V. Dealing with grief & trauma

If the incident caused you to fear for your life or that of your loved one, your coping mechanisms may become overwhelmed. Emotional responses of helplessness, intense fear and horror may be triggered resulting in trauma. Trauma has the capacity to change the way you view the world. You may feel more vulnerable and have difficulty adjusting. Trauma leaves a new normal in its wake. There is no “back to the old me.” You are permanently changed as a result of what has happened.

Victims may experience:

  • Difficulty sleeping;
  • Irritability and anger outbursts;
  • Hyper vigilance and anxiety;
  • Poor concentration;
  • Easily startled and exaggerated response;
  • Re-experiencing the event in dreams, memories and flashbacks;
  • Fear;
  • Anger at the individual and the system for not protecting you and/or your loved ones;
  • Feelings of being detached, numb; and/or
  • Feelings of guilt or shame.

Trauma changes your perception of the world and can result in losing your ability to trust. If you feel overwhelmed, need someone to talk to, or feel you need assistance coping with what has happened, it may be a good idea to seek the help of a qualified counsellor or healthcare professional. Sometimes people will try to self-medicate and/or use drugs or alcohol; this can further negatively complicate their experiences.

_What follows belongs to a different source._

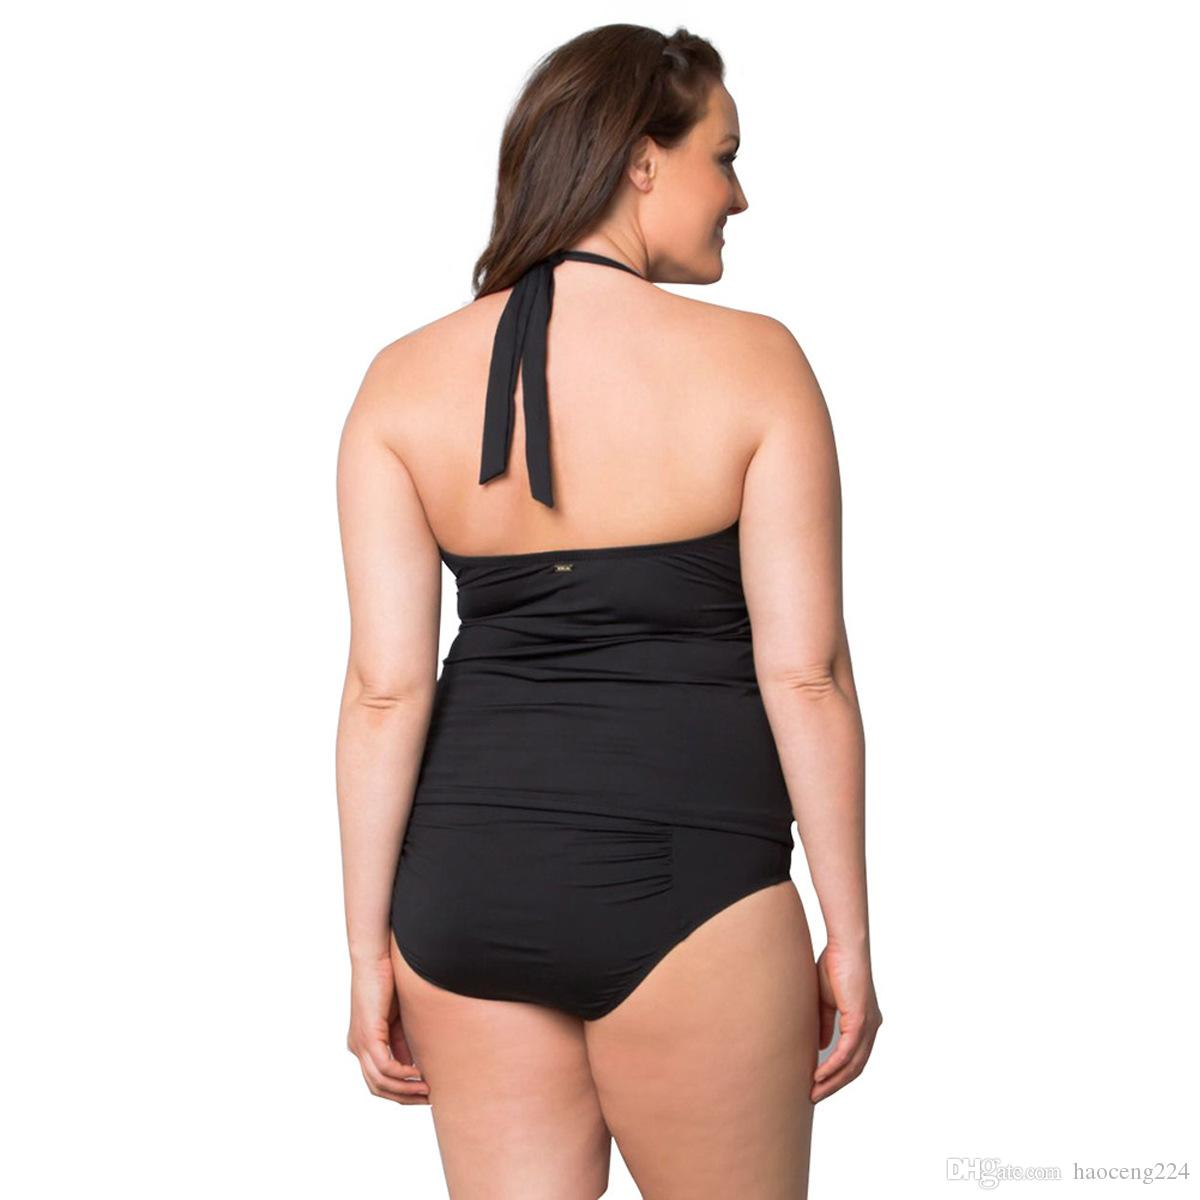 Plus Size maillot de bain One Piece Sexy Femmes Swinwear Deep V Body bikini Body Halter solide Hip Up femmes maillot de bain Beachwear Monokini gros
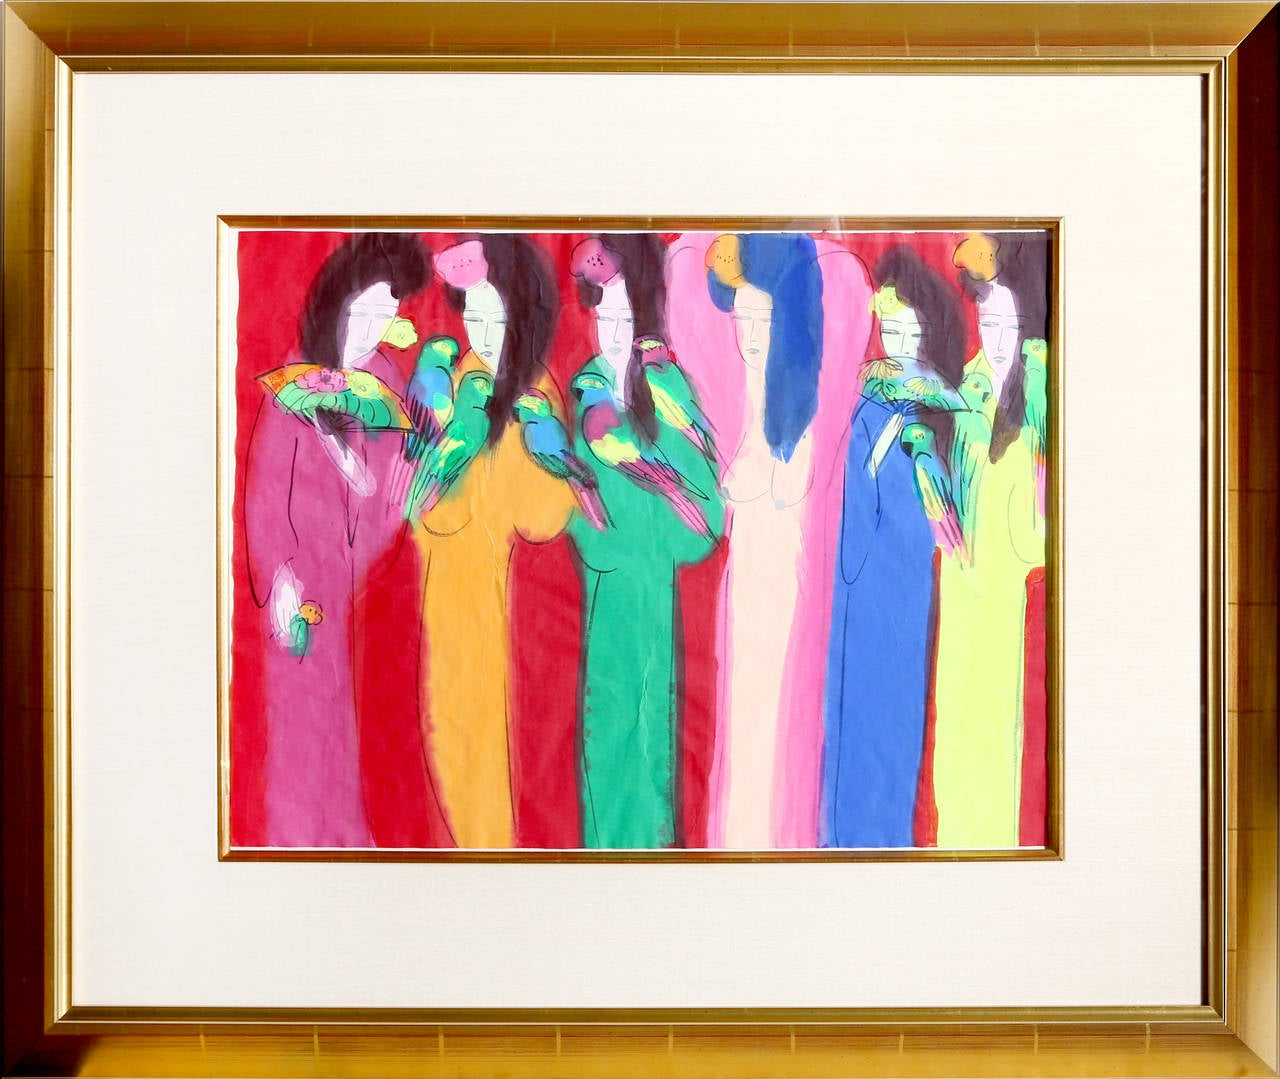 Six Geishas - Art by Walasse Ting

For some victims, grief goes hand-in-hand with trauma; the feeling that something important to you is gone forever, and that life can never really return to how it was before the crime. Grief can last for quite a long time. Sometimes grief is so powerful and overwhelming that you may feel incapacitated and unable to function mentally and physically.

You can feel grief over any situation, not just the loss of a loved one, but the loss of innocence, the loss of personal freedom, even the loss of trust in the goodness of humanity. You may grieve the person you used to be before the incident.

The dynamics of your relationship with the patient may complicate feelings of grief. This is especially true for those who wish to continue their relationship with the patient, and want to help them recover. Many family members understand that severe mental illness can be treated with medication and support. Your relationship with them will likely have changed, and it is very normal to grieve the loss of the relationship that you once had.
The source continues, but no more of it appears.